JPS63283652A - Electric circuit for iontophoresis - Google Patents

Abstract

PURPOSE:To reduce the change in a current or voltage with the elapse of time and to realize gentle current change effective for the permeation of drugs infiltrated in the electrode of a treatment part, by cyclically performing the charge and discharge of a condenser so as to allow the charge or discharge current of the condenser to flow to the output side of a circuit. CONSTITUTION:During the first definite time t0 when both switch mechanisms 3, 4 shortcircuit black spot sides, a condenser 6 is charged by a DC power source 1 through a variable resistor 2. After the elapse of the definite time t0, the charge of the condenser 6 charged during the time t0 is discharged to a human body through a variable resistor 7, a diode 8, a AC ammeter 9 and the treatment part electrode 10 bonded to the human body during the next time t1 (t1=t0) when both switch mechanisms 3, 4 shortcircuit white spot sides and, at the same time, a condenser 5 is charged by the DC power source 1 through the variable resistor 2. During the next time t2 (t2=t1) when the switch mechanisms 3, 4 shortcircuit the black spot sides, the condenser 5 is discharged and the condenser 6 is newly charged. On and after, the same operation is repeated.

Description

[Detailed Description of the Invention] [Field of Industrial Application] The present invention relates to an electric circuit for use in iontophoresis, and specifically, this electric circuit is connected to one electrode of the iontophoresis. .

[Conventional technology]

Iontophoresis has been used since the beginning of this century as a method for penetrating ionized drugs into epidermal tissue, and recently it has been used to administer lidocaine and epinephrine as local anesthesia, and fluoride iontophoresis has been attracting attention in the field of dentistry. There is.

Such iontophoresis is performed by a positive electrode and a negative electrode, at least one of which contains a drug, an electrical component that provides a desired potential difference between the two electrodes, and a power supply that drives the electrical component. It is configured.

As mentioned earlier, iontophoresis has been shown to be effective and safe for local treatment, but it has not received much attention as a therapeutic method with systemic effects, and the reasons for this are: It is difficult to set the optimal voltage waveform depending on the drug to be administered and individual differences, and skin irritation including burns cannot be ignored because electricity is applied to the same part of the skin for a long time. This capacitance component makes it difficult to introduce iontophoresis.

In general, the resistance and capacitance of human skin vary greatly from person to person, but are usually about 50Ω and 0.1 μF, respectively.Furthermore, in addition to these individual differences, there are also changes over time and due to current application associated with iontophoresis. There are changes depending on the state of sweating. Due to this capacitive component, the voltage waveform that can be expected to have a therapeutic effect is extremely distorted, and the current that should flow to the skin is obstructed.
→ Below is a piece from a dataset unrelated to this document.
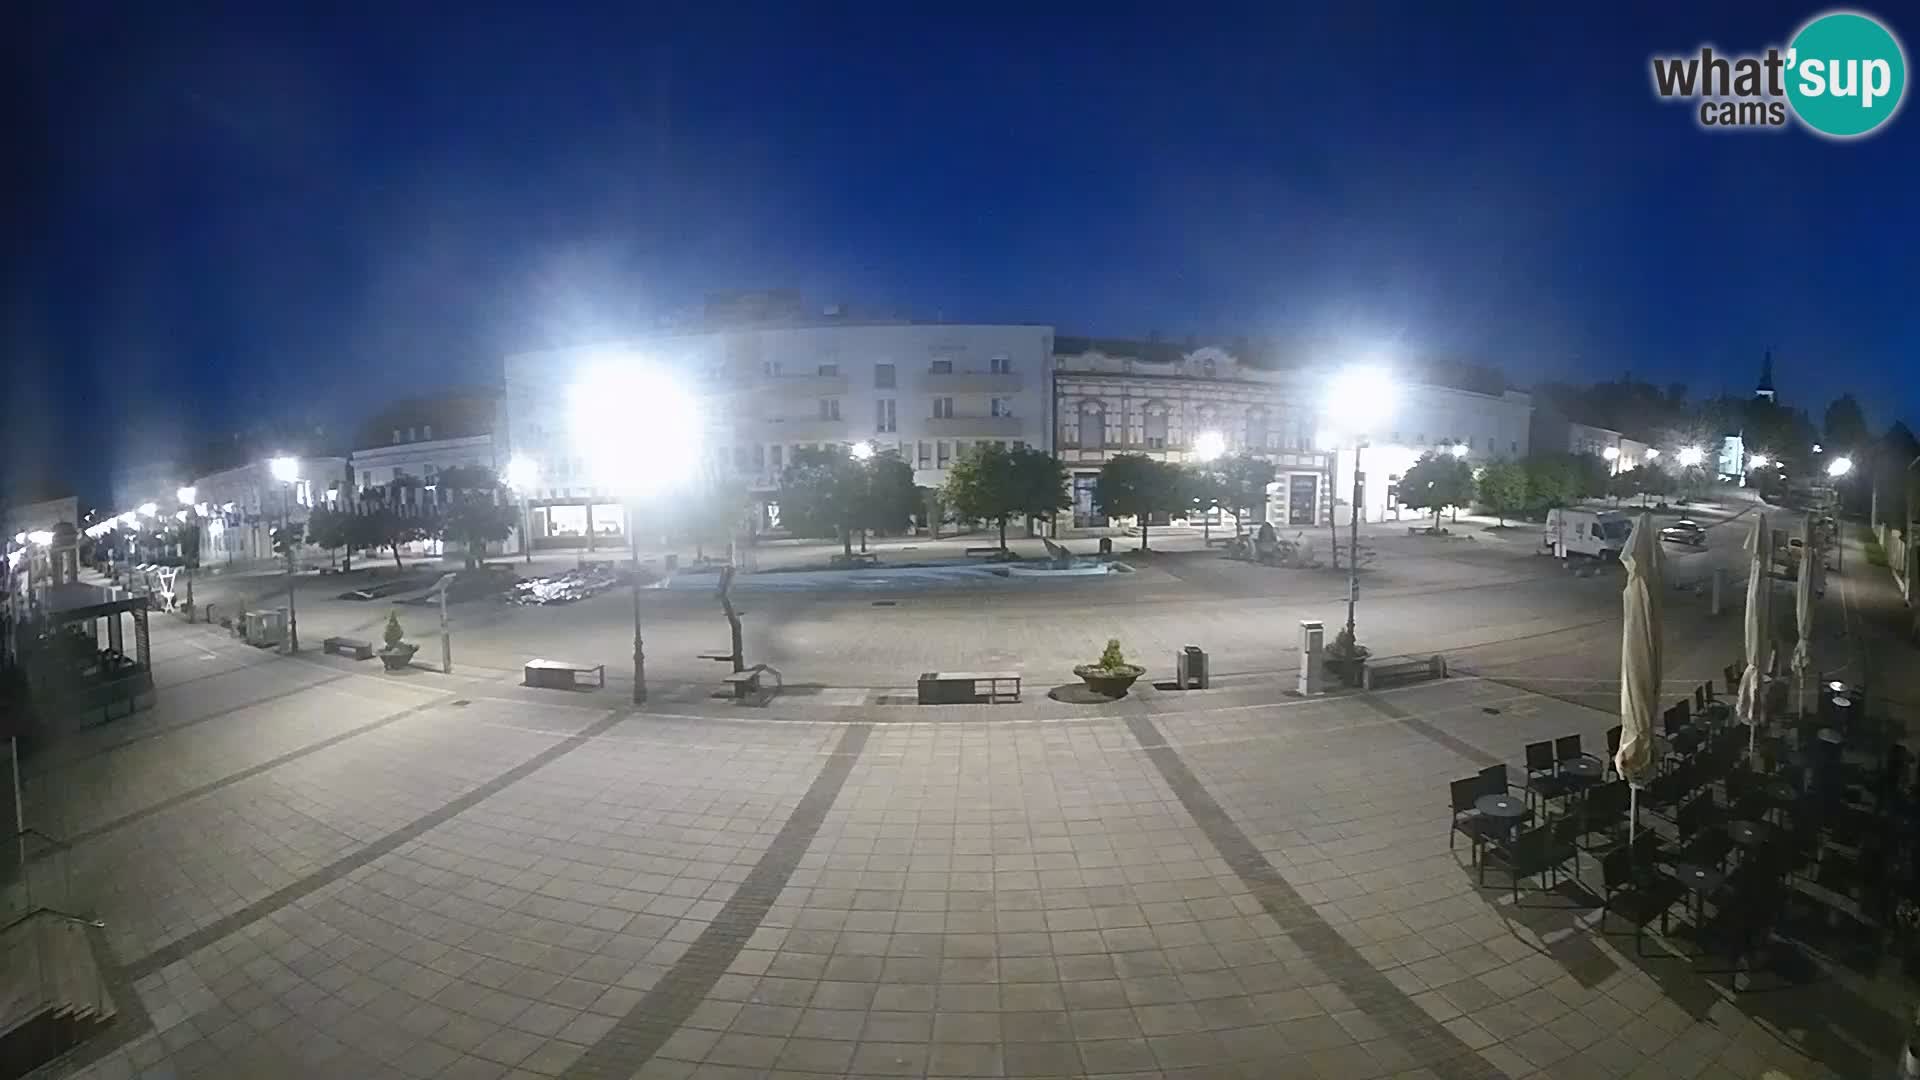 Daruva – Platz könig Tomislav

Therefore, iontophoresis caused by direct current corresponds to charging the skin capacitance in a one-way manner without discharging it, and the apparent impedance of the skin also increases, so long-term continuous administration is not recommended. Difficult to apply.

Furthermore, although high-frequency power sources are appropriate from the point of view of lowering the polarization impedance of the skin, it has been confirmed that the movement of drugs cannot follow high-frequency waves, so high-frequency power sources are effective against iontophoresis. It's inappropriate.

Regarding pulse waves, as shown in Figure 1, there are basically only two voltages, high and low, so the pulse wave only instantaneously passes through the voltage value range (Zef in the diagram) that is most effective for drug penetration. The drawback is that it cannot be done.

Conventional iontophoresis can basically be divided into constant current method and constant voltage method. In the former case, the voltage increases because the skin resistance increases, and skin irritation, burns, redness, etc. are unavoidable. In the latter method using constant voltage pulses, the amount of electricity (ti) given by one pulse also varies due to changes in skin impedance.

In addition, the skin capacitor is charged when the pulse is generated, and discharge occurs from the skin capacitor when the pulse is paused, so drug permeation also stops at the same time as the pulse pauses, making it difficult to say that this is an efficient method. In this case, the intention is to lower the polarization impedance of the skin.
Although high frequency pulses of 0 kHz or higher have been used, since the skin is a living body, there is a limit to the drug permeation rate, and high frequencies may not be effective.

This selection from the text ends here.